The thing about software is that it is written by imperfect humans. That was the last thought I had a 4pm Friday after most of the team had gone home for the weekend. I usually don't script, but then a coworker was tasked to reboot a few servers remotely on a segment. A week prior we had used a system to reboot all workstations with a particular software so he asked me to take care of it.


I logged in and created the job, but before I could hit save I started hearing someone on the help desk ask if I was rebooting his machine. I had not even saved at this point, and figured it was someone pulling a prank. Just to be sure I check the deployment logs, and sure enough the previous job I had setup started rebooting all workstations even though it had not been touched and was not scheduled. Not understanding what happened I canceled the job, and got out of the system.

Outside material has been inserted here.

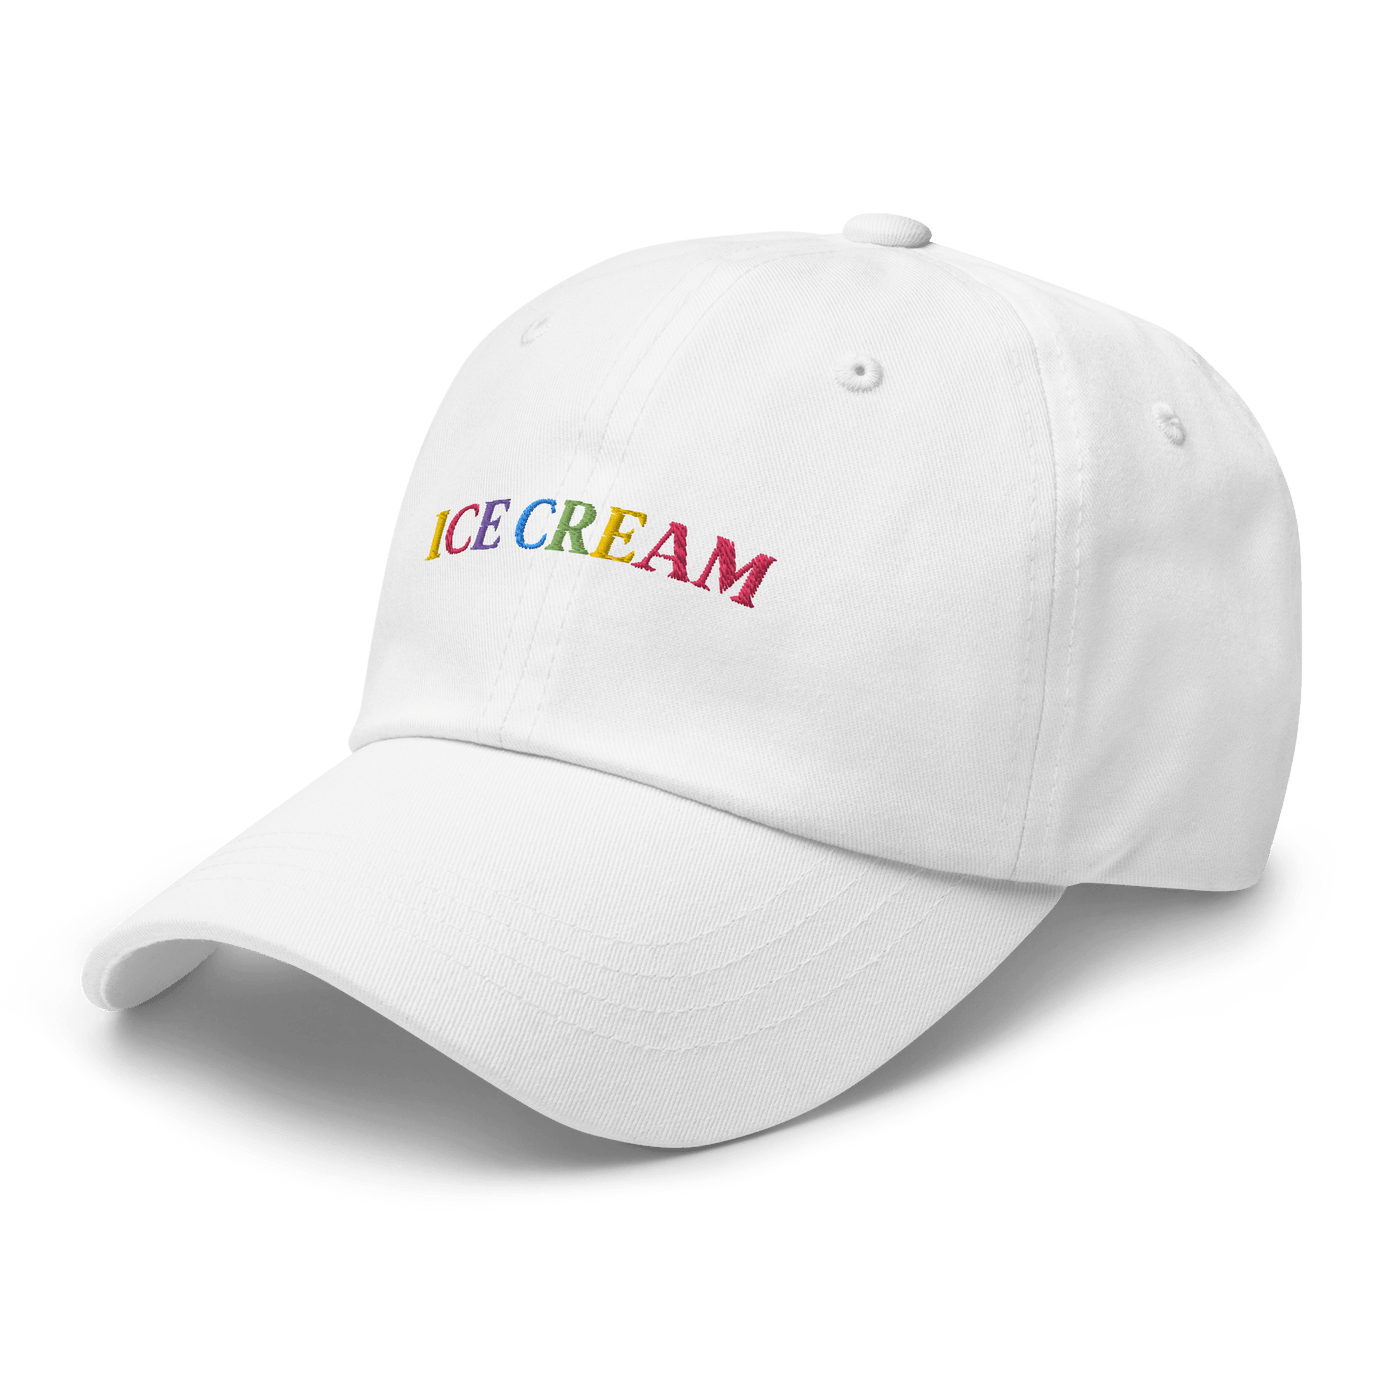 Ice Cream Text Dad hat - Light Blue - - Just Another Cap Store
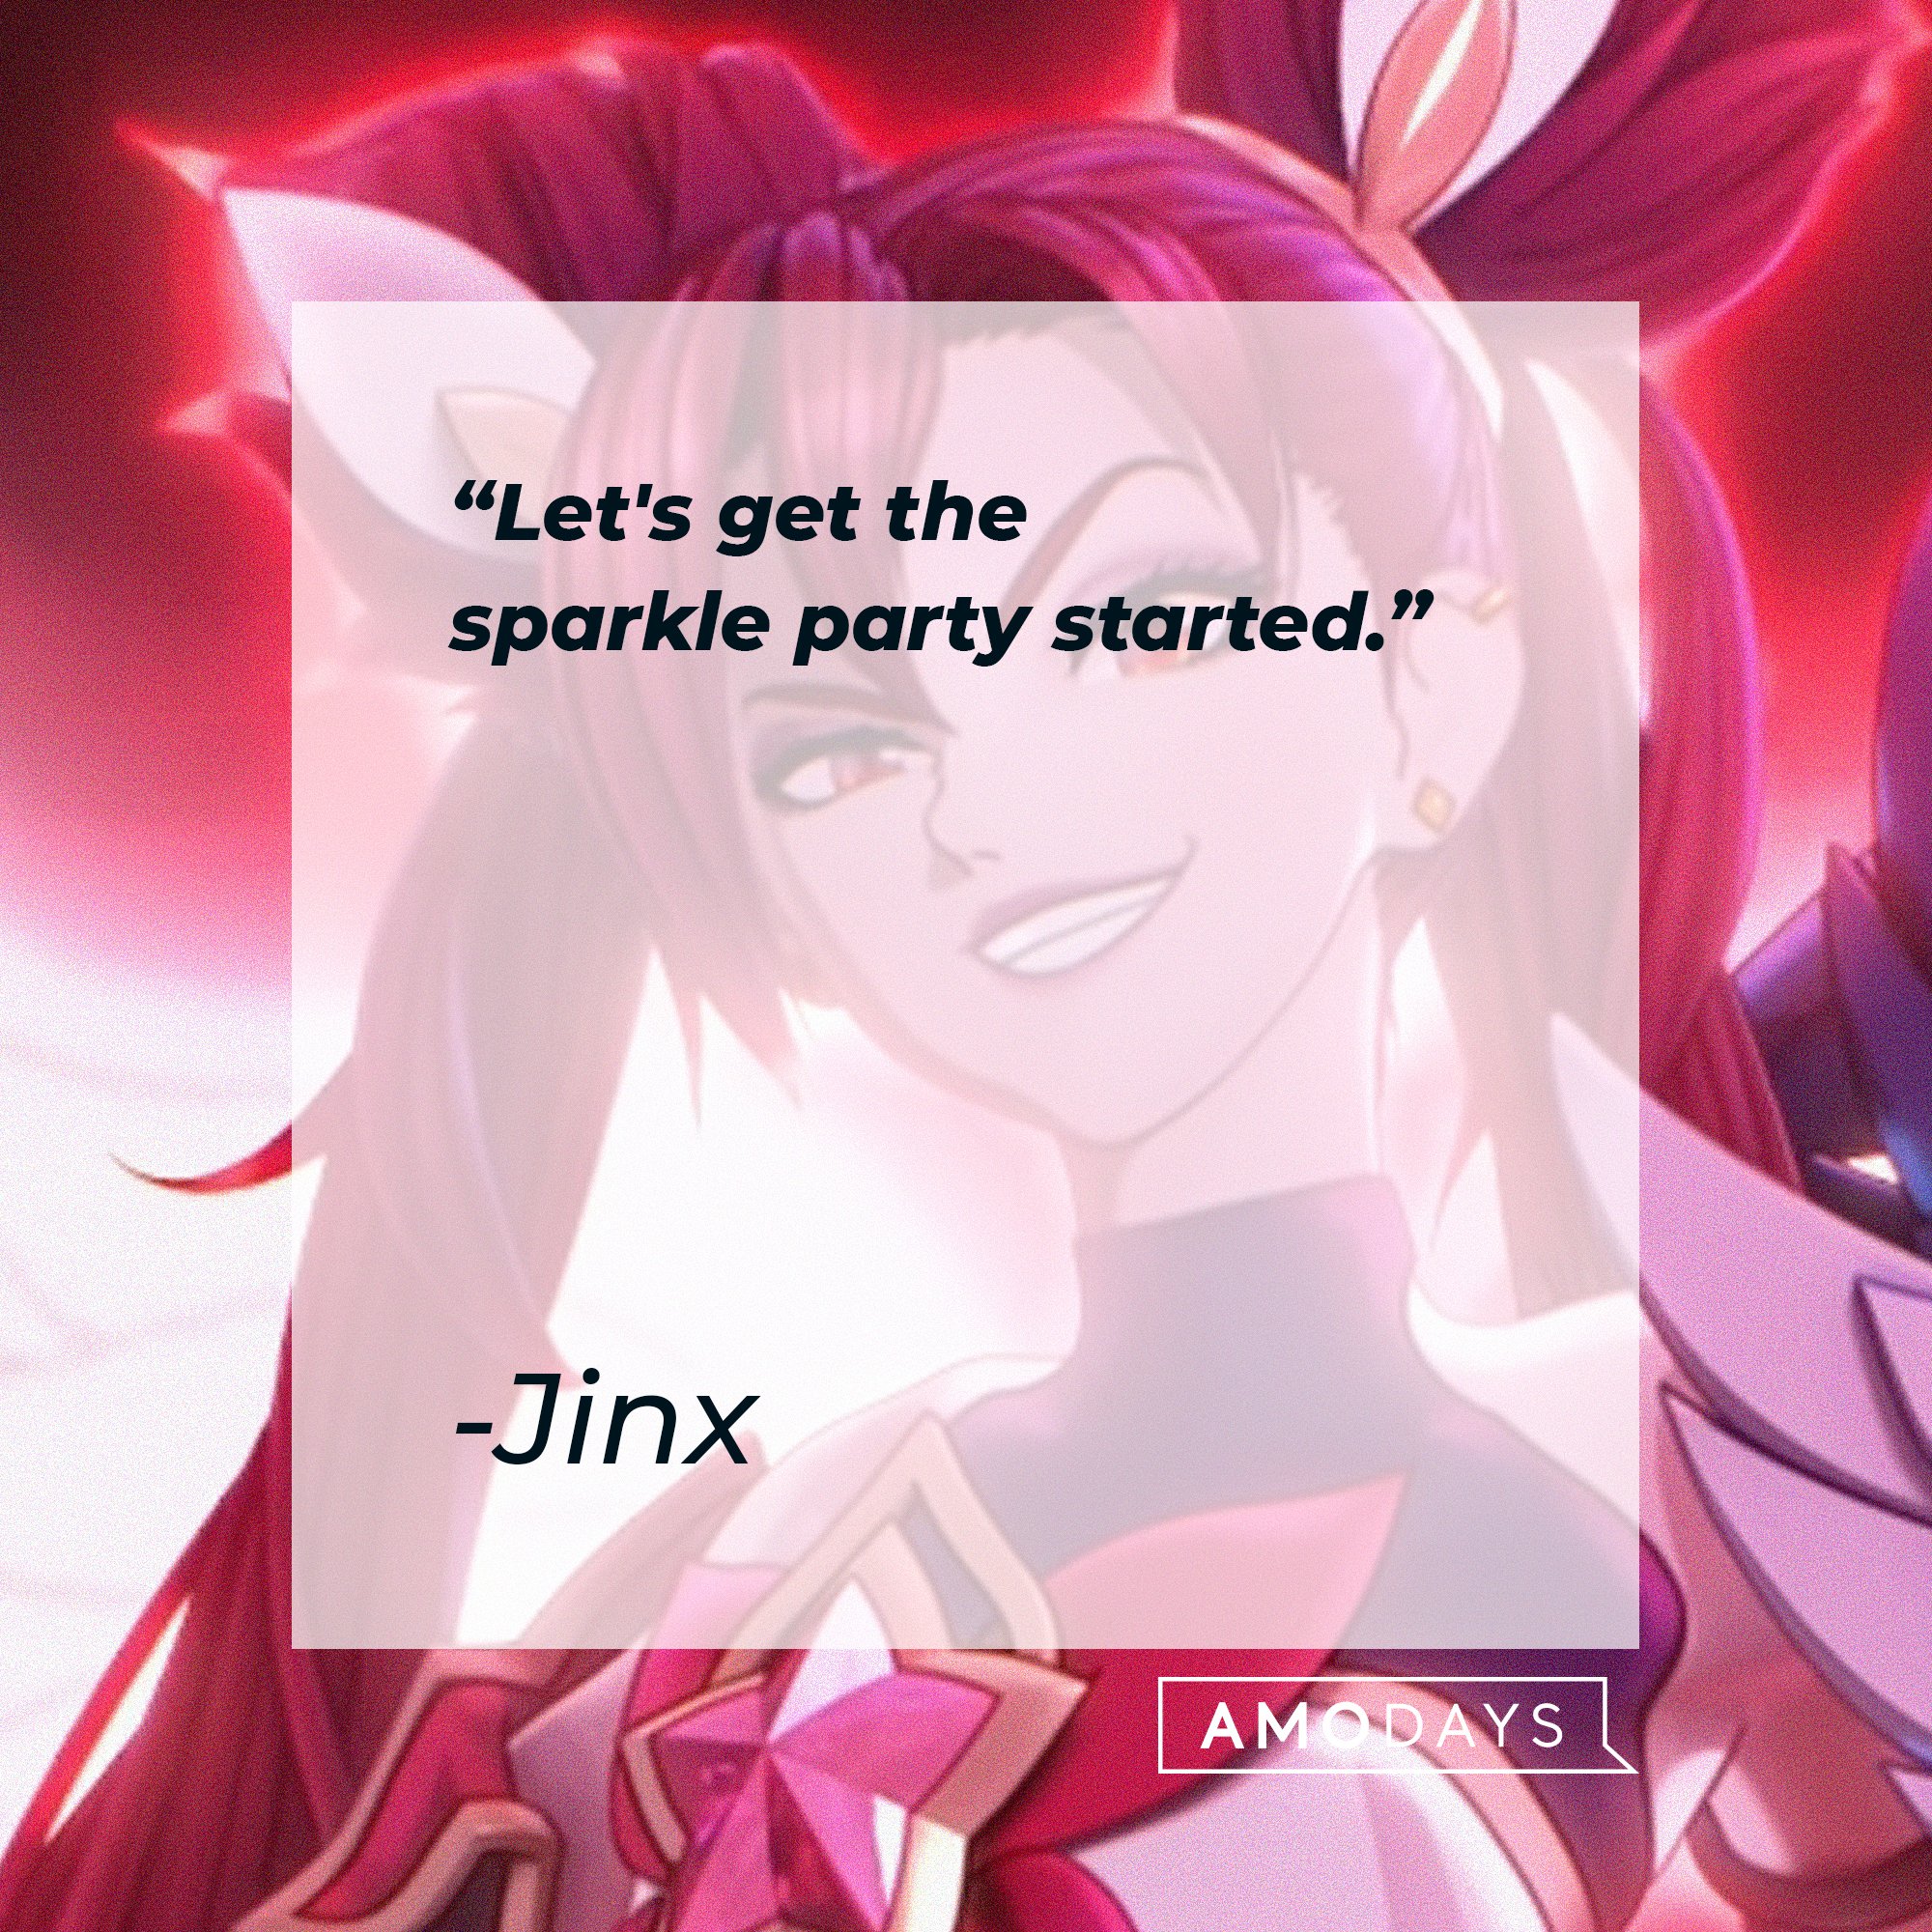 Jinx's quote: "Let's get the sparkle party started!" | Image: AmoDays

About 5 minutes later the workstations started to reboot again. So I called the VM System admin, and had him disconnect the network on the server causing everything to reboot. This caused a lot of phone calls, but interestingly enough no one important knew until I called it in. Looking back a lot of updates finished installing properly after this mass reboot.


The following Monday I called up the software company and they identified a bug, that by simply visiting a page would kick off past software deployment packages. It took them about a month to fix it. This is why I looked into Solarwind's Patch Manager.


No Servers were harmed or rebooted in this incident.